Сюэ Мэн, конечно, слышал, что в последнее время среди богатых купцов и золотой молодежи распространилась мода на однополую любовь. Следуя этому дурному поветрию, многие мужчины, исключительно ради получения нового опыта и свежих ощущений, не брезговали посещать мужчин-проституток. Однако столкнувшись с таким лицом к лицу, теперь он никак не мог переварить это. Замешкавшись, он все же смог взять себя в руки:
— Учитель, ваш ученик здесь.
— Мо Жань нарушил все три основных заповеди [6.7]: он обманывал, был алчен и предавался разврату. Для покаяния сопроводи его в Зал Яньло [6.8]. Завтра в семь утра на Платформе Шаньэ [6.9] он будет публично осужден и наказан.
Сюэ Мэн испугался:
— А? Что?! Публичное наказание?
Публичному наказанию подвергались люди, совершившие тяжкое преступление против морали и духовной школы. Перед всеми членами ордена, включая главу, старейшин, учеников и даже посудомоек с кухни, отступника вытаскивали на помост и, предав огласке его преступление, тут же прилюдно наказывали.
Невыносимое унижение — быть вот так опозоренным перед всеми.
Все-таки Мо Жань был молодым господином Пика Сышэн. Хотя дисциплина внутри школы была строгой, Мо Жань с самого начала был здесь на особом положении. Из-за того, что он так рано потерял родителей и до четырнадцати лет мыкался по свету один-одинешенек, дядя всегда жалел его и прощал ему многие эгоистичные выходки. Даже если племянник был пойман на серьезном проступке, глава в худшем случае мог пожурить его наедине, но при этом ни разу не дал ему даже затрещины.

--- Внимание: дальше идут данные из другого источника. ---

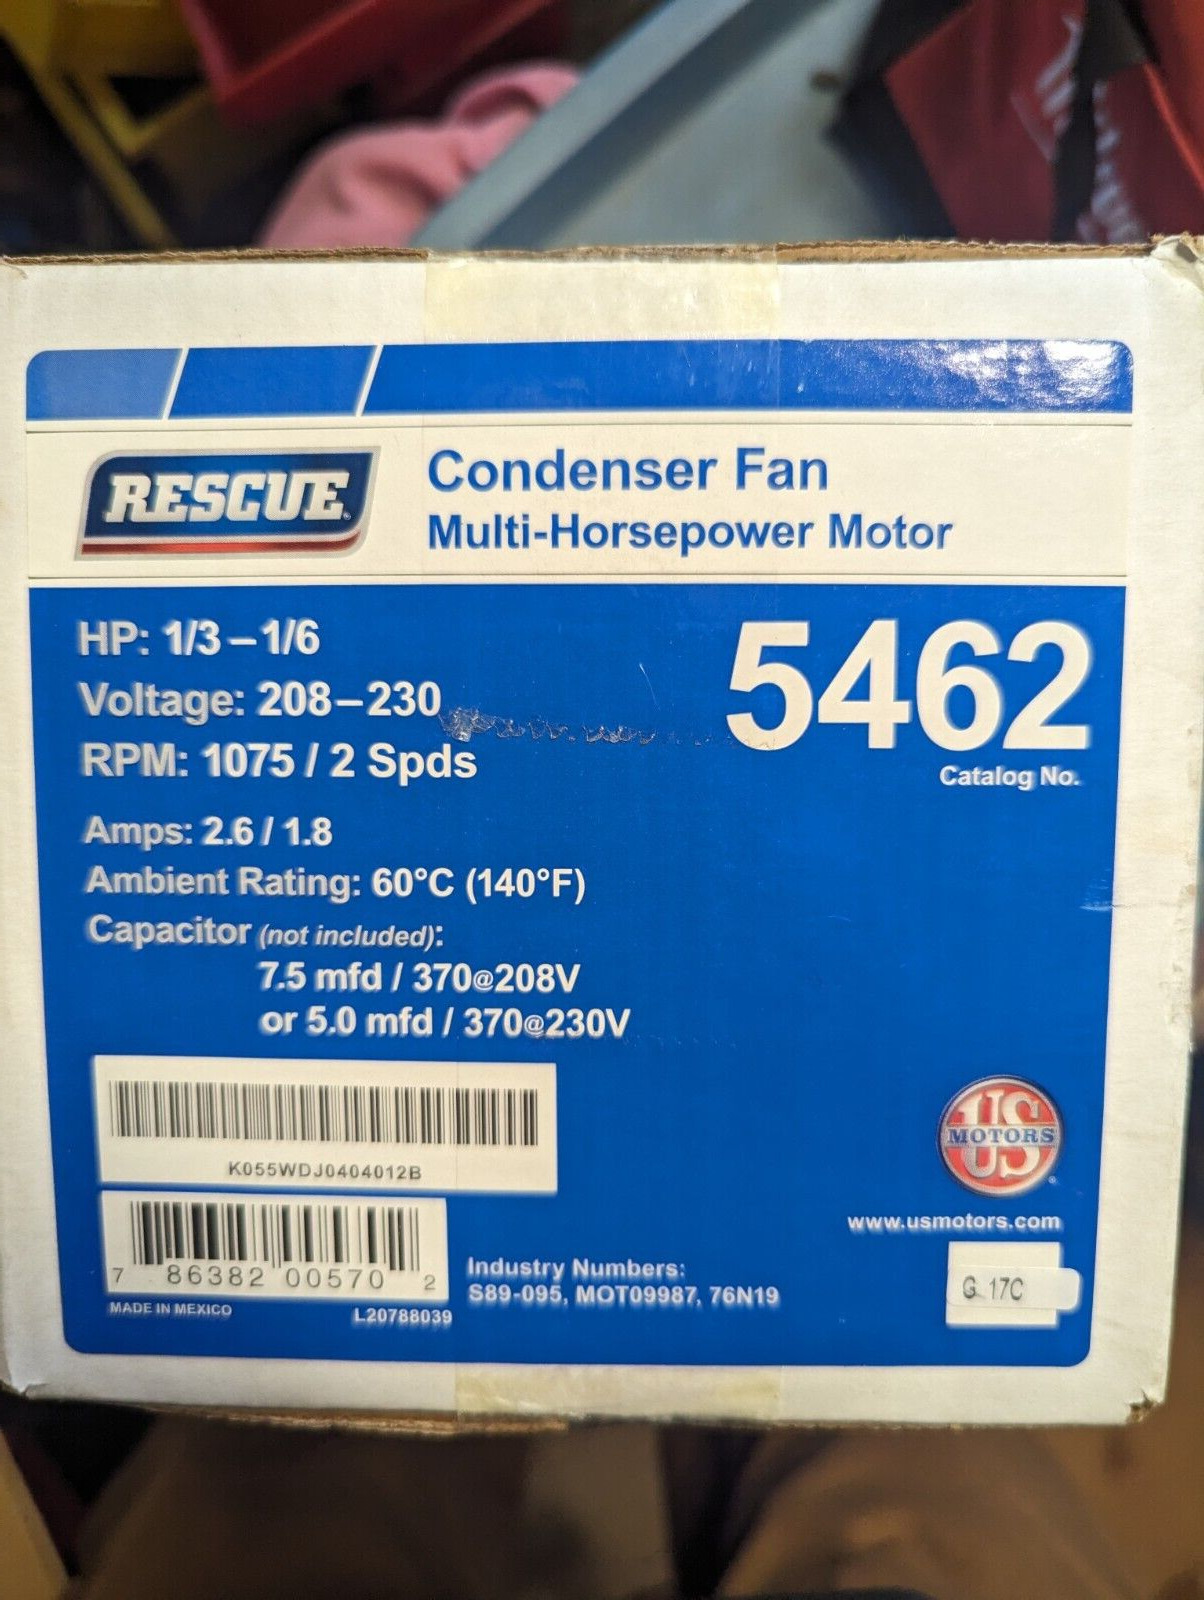 OEM NEW Rescue 5462 Condenser Fan Multi-Horsepower Motor 1/3-1/6HP, 208-230V

Но Учитель, вопреки ожиданиям, не собирался думать о репутации главы и был готов арестовать его драгоценного племянника, вытащить на Платформу Шаньэ и на глазах у всего ордена публично осудить и наказать. Подобное стало бы невероятным унижением для молодого господина Мо. Такого Сюэ Мэн точно не ожидал.
В отличие от него, Мо Жань ничуть не удивился. Он все еще лежал на земле, и при этих словах уголки его губ чуть растянулись в ледяной ухмылке.
Как же велик, беспристрастен и бессердечен его Учитель.
Кровь Чу Ваньнина и правда была холоднее льда. В прошлой жизни, когда Ши Мэй умирал у него на глазах, Мо Жань рыдал, в отчаянии схватившись за край одежд Учителя, и на коленях просил его о помощи. Но Чу Ваньнин был глух к его мольбам.
Его ученик умер прямо перед ним, рядом с его остывающим телом, страдая от раздирающей сердце боли, рыдал Мо Жань, но этот бессмертный так и остался сторонним наблюдателем, не обращая на них никакого внимания.
Сейчас Чу Ваньнин всего лишь хочет отправить его на Платформу Шаньэ, чтобы ославить и публично наказать. Что в этом такого удивительного?
Оставалось лишь сожалеть о том, что его собственная духовная база пока слишком слаба и он не может живьем содрать с него кожу, вытянуть жилы и выпить всю кровь. Не в его силах прямо сейчас намотать волосы Чу Ваньнина на кулак, оскорблять его, истязать, ломать и уничтожать его достоинство, чтобы жизнь его стала хуже смерти...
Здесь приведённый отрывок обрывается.